# Task item
Starting at the line that contains "Valtteri Bottas estampó", retype each line to the end of the listing below. Include both ends, but not the pictures.

# Data block
━━━━━━━━━━━━━━━━━━━━

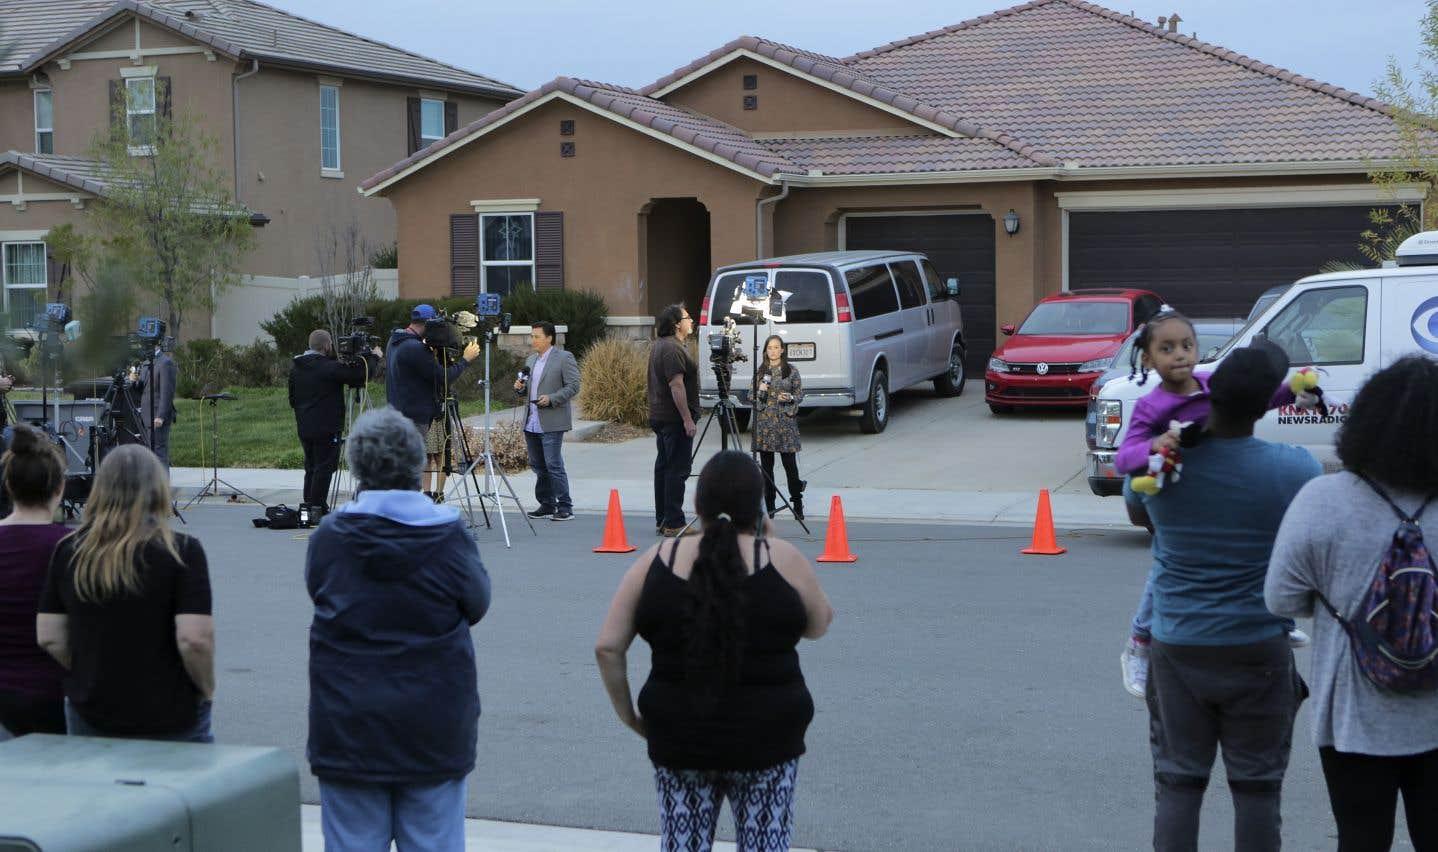 Les policiers ont secouru dimanche dernier 13 frères et sœurs séquestrés par leurs parents dans cette demeure de Perris, en Californie.
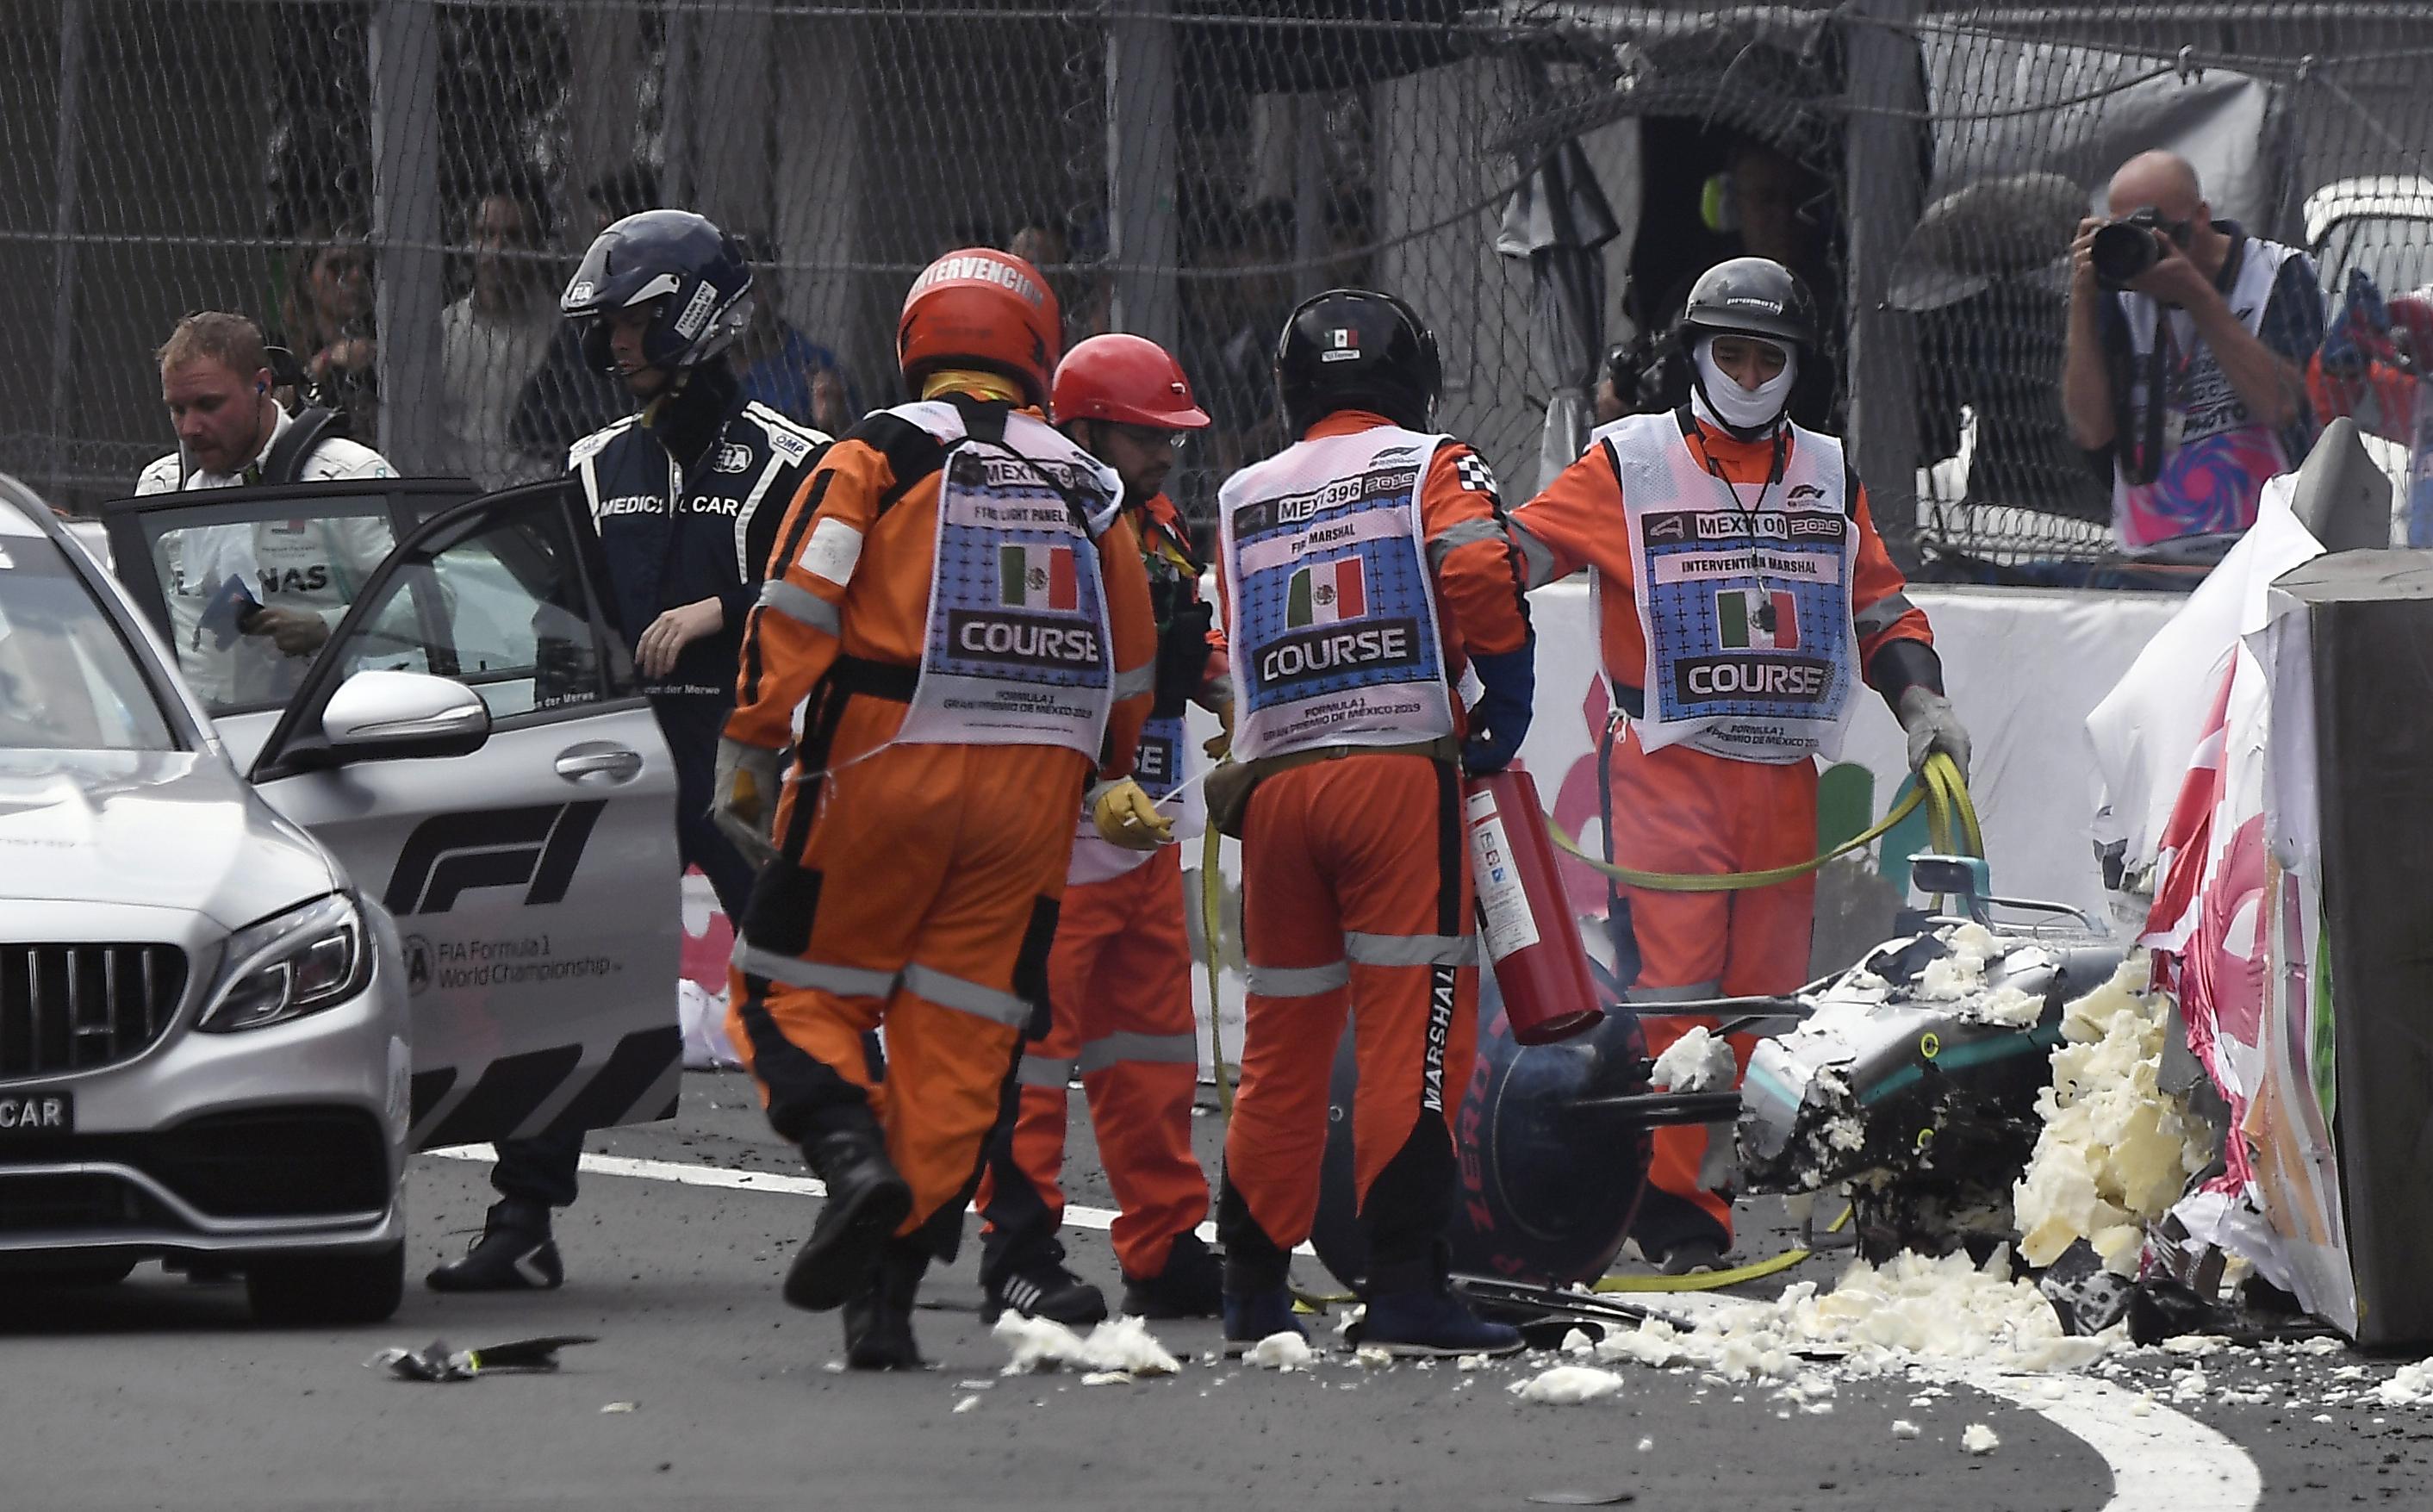 Valtteri Bottas estampó su coche contra el muro del Autódromo Hermanos Rodríguez durante la sesión de clasificación (Foto: ALFREDO ESTRELLA / AFP)
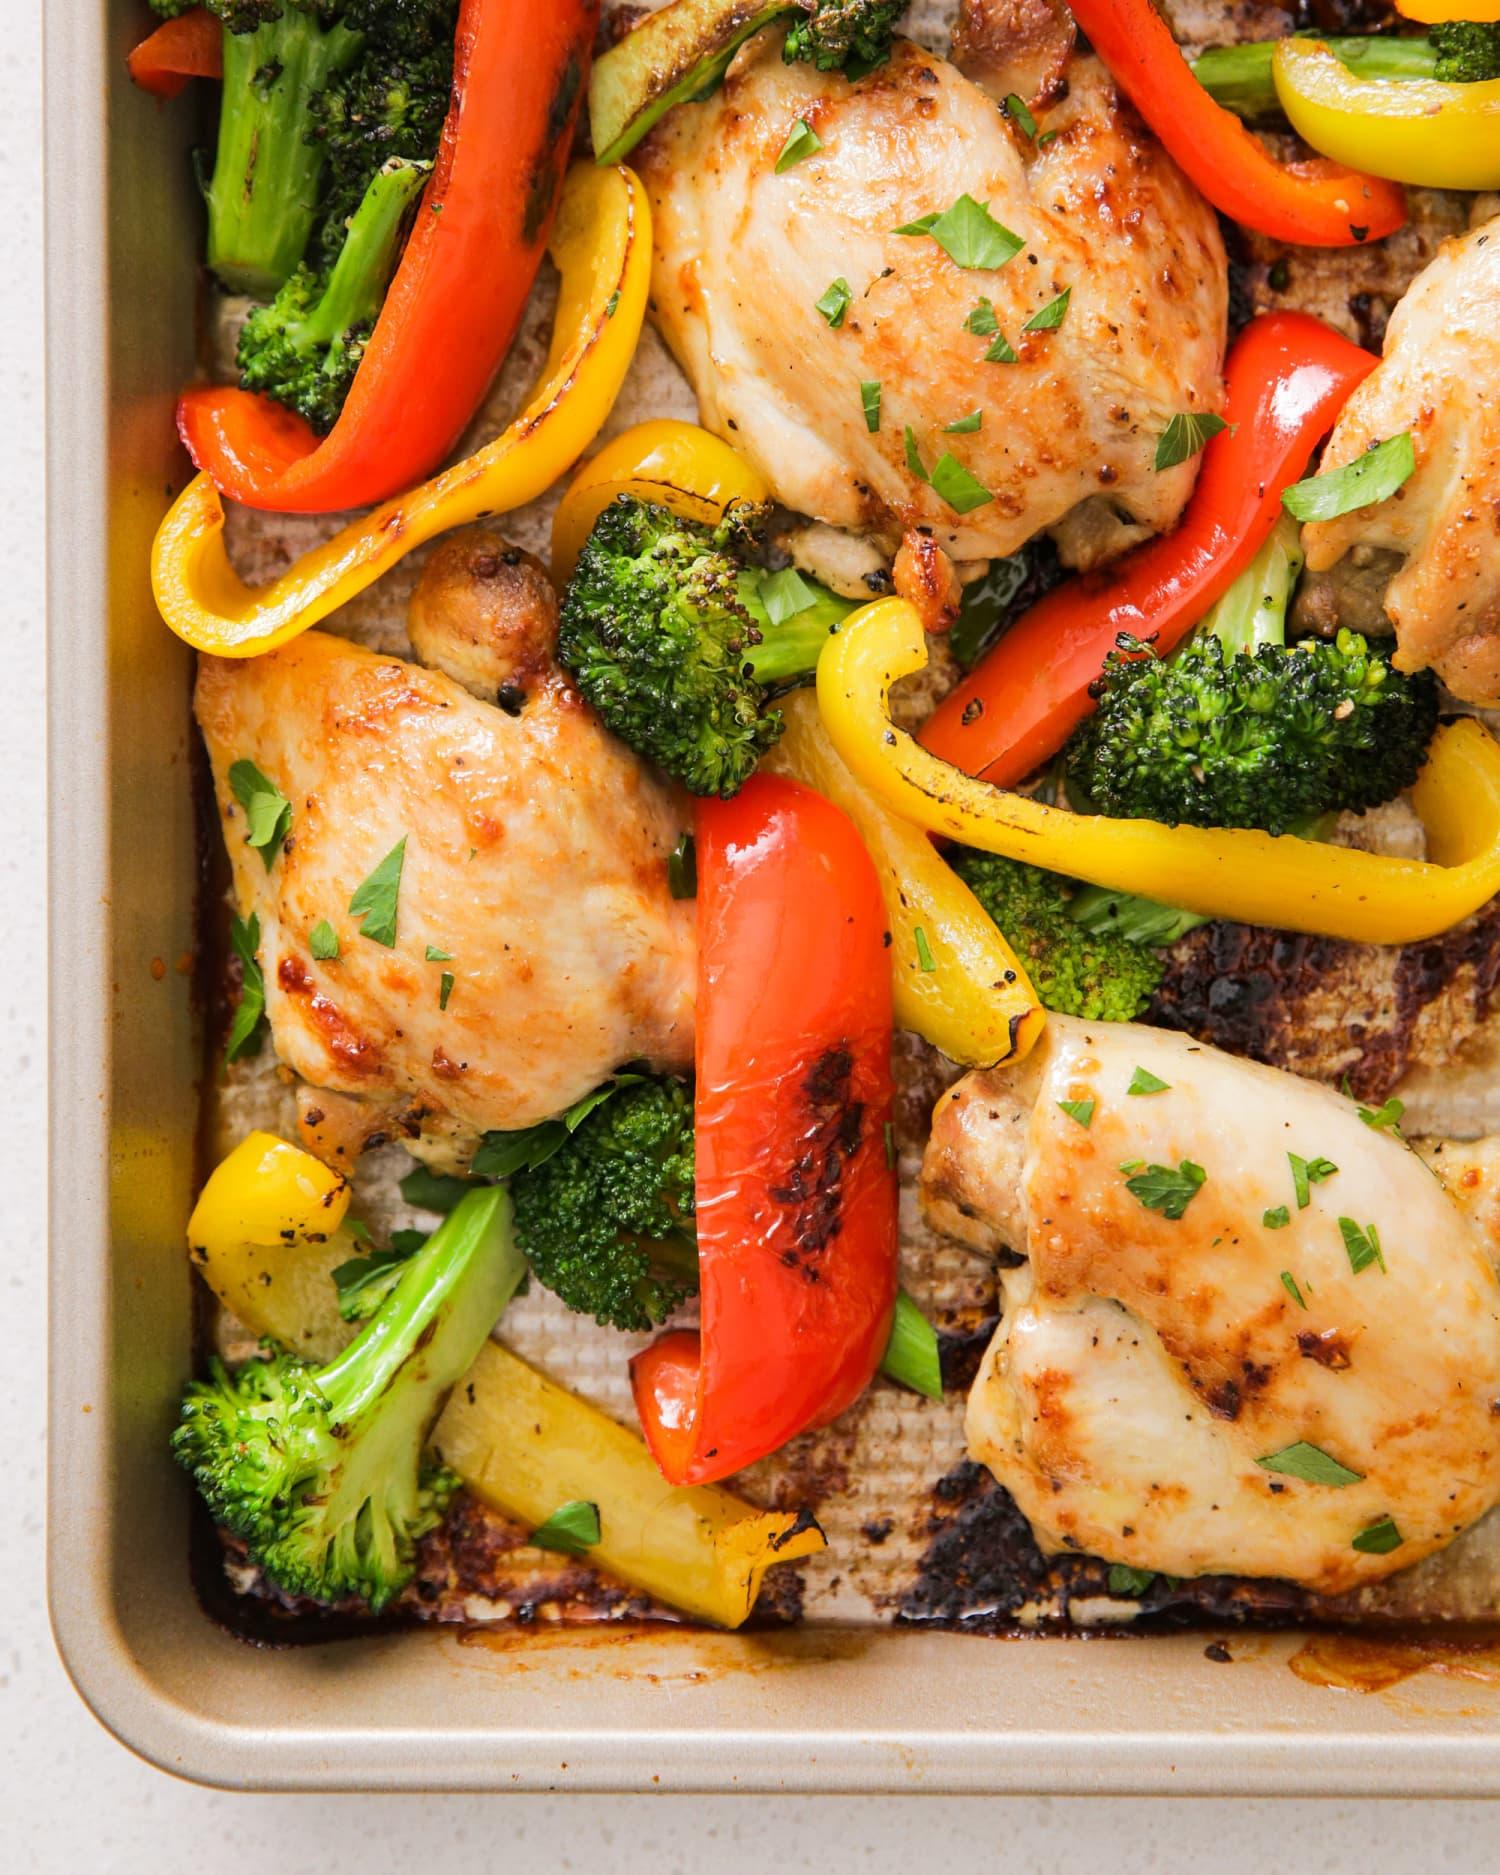 Recipe: 5-Ingredient Whole30 Sheet Pan Chicken

━━━━━━━━━━━━━━━━━━━━

# Written answer
 Valtteri Bottas estampó su coche contra el muro del Autódromo Hermanos Rodríguez durante la sesión de clasificación (Foto: ALFREDO ESTRELLA / AFP)
 Recipe: 5-Ingredient Whole30 Sheet Pan Chicken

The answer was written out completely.